Segment Start: RECORD EXTRACTS
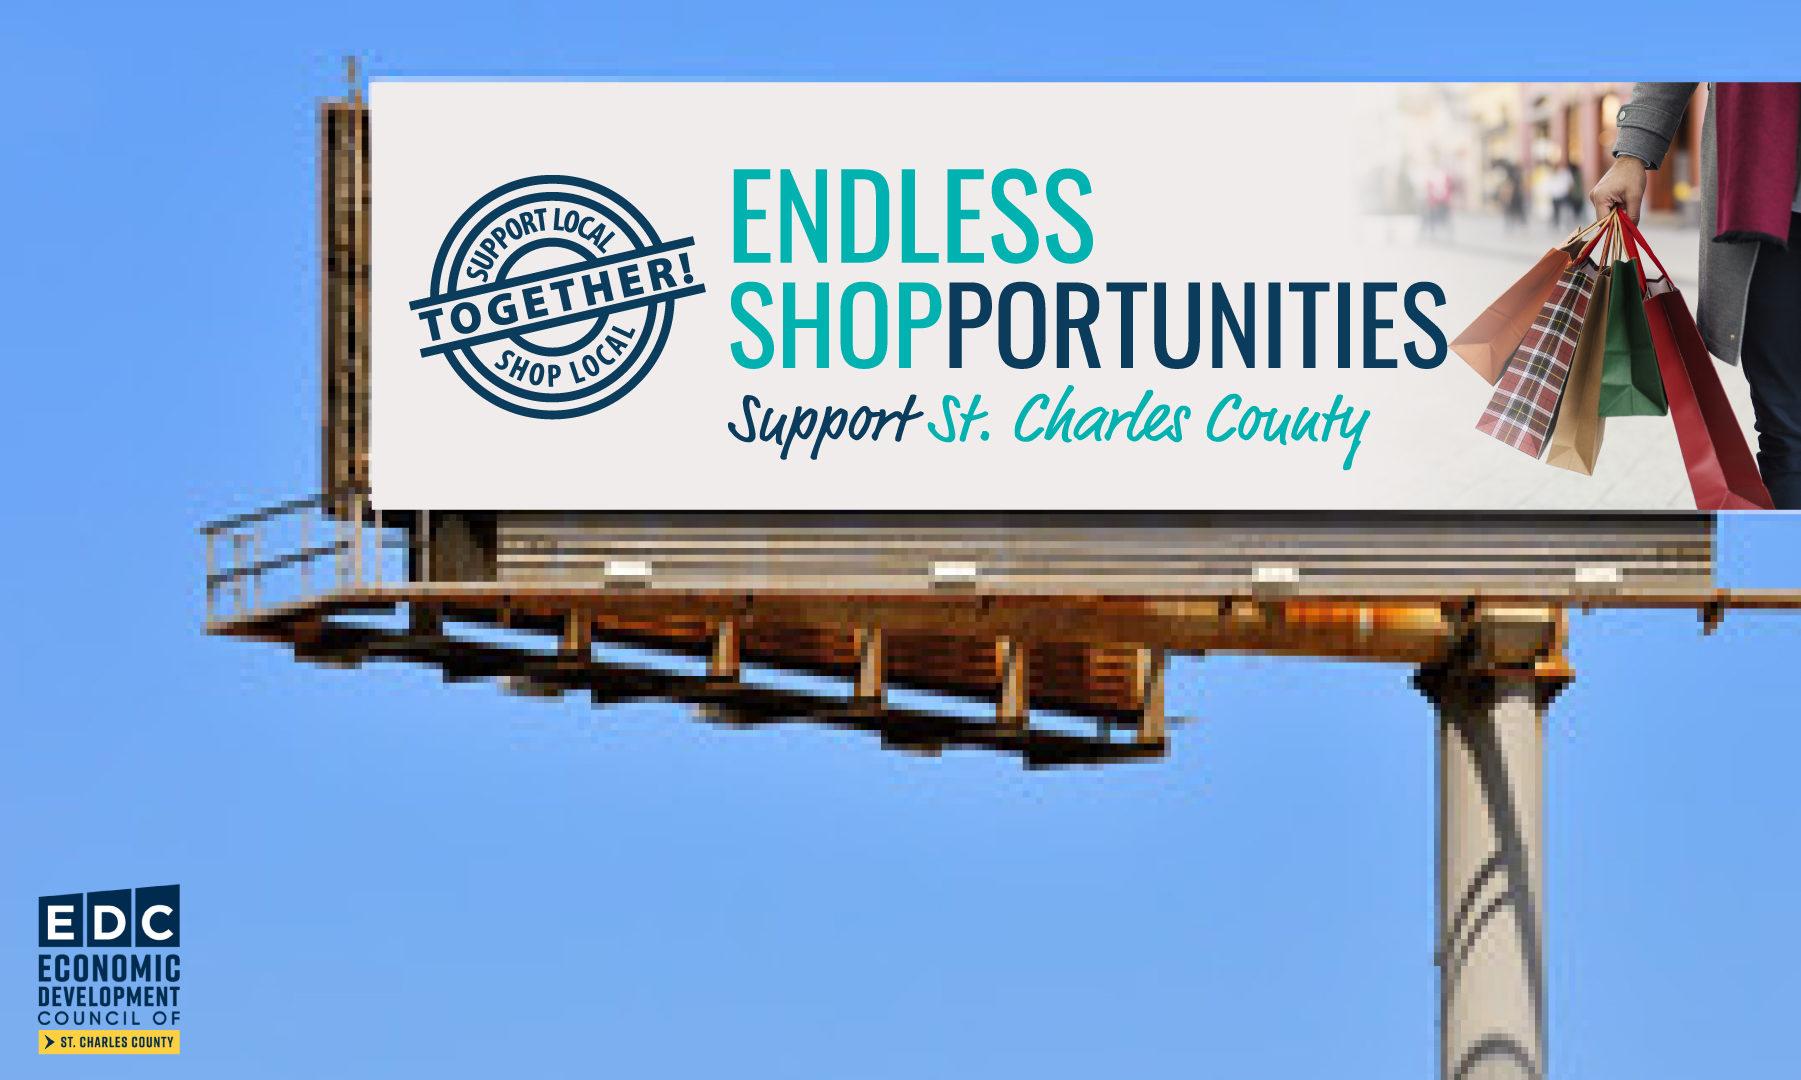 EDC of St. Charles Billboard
Segment End: RECORD EXTRACTS
Segment Start: RECORD EXTRACTS
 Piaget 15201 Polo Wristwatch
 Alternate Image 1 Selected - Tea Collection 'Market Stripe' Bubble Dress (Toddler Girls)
Segment End: RECORD EXTRACTS
▸ WHAT YOU HAVE TO DO
Working from the material above, retype exactly the lines from the one with "Piaget 15201 Polo Wristwatch" through the one with "Alternate Image 1", both included, and only those lines.

▸ TASK ANSWER
 Piaget 15201 Polo Wristwatch
 Alternate Image 1 Selected - Tea Collection 'Market Stripe' Bubble Dress (Toddler Girls)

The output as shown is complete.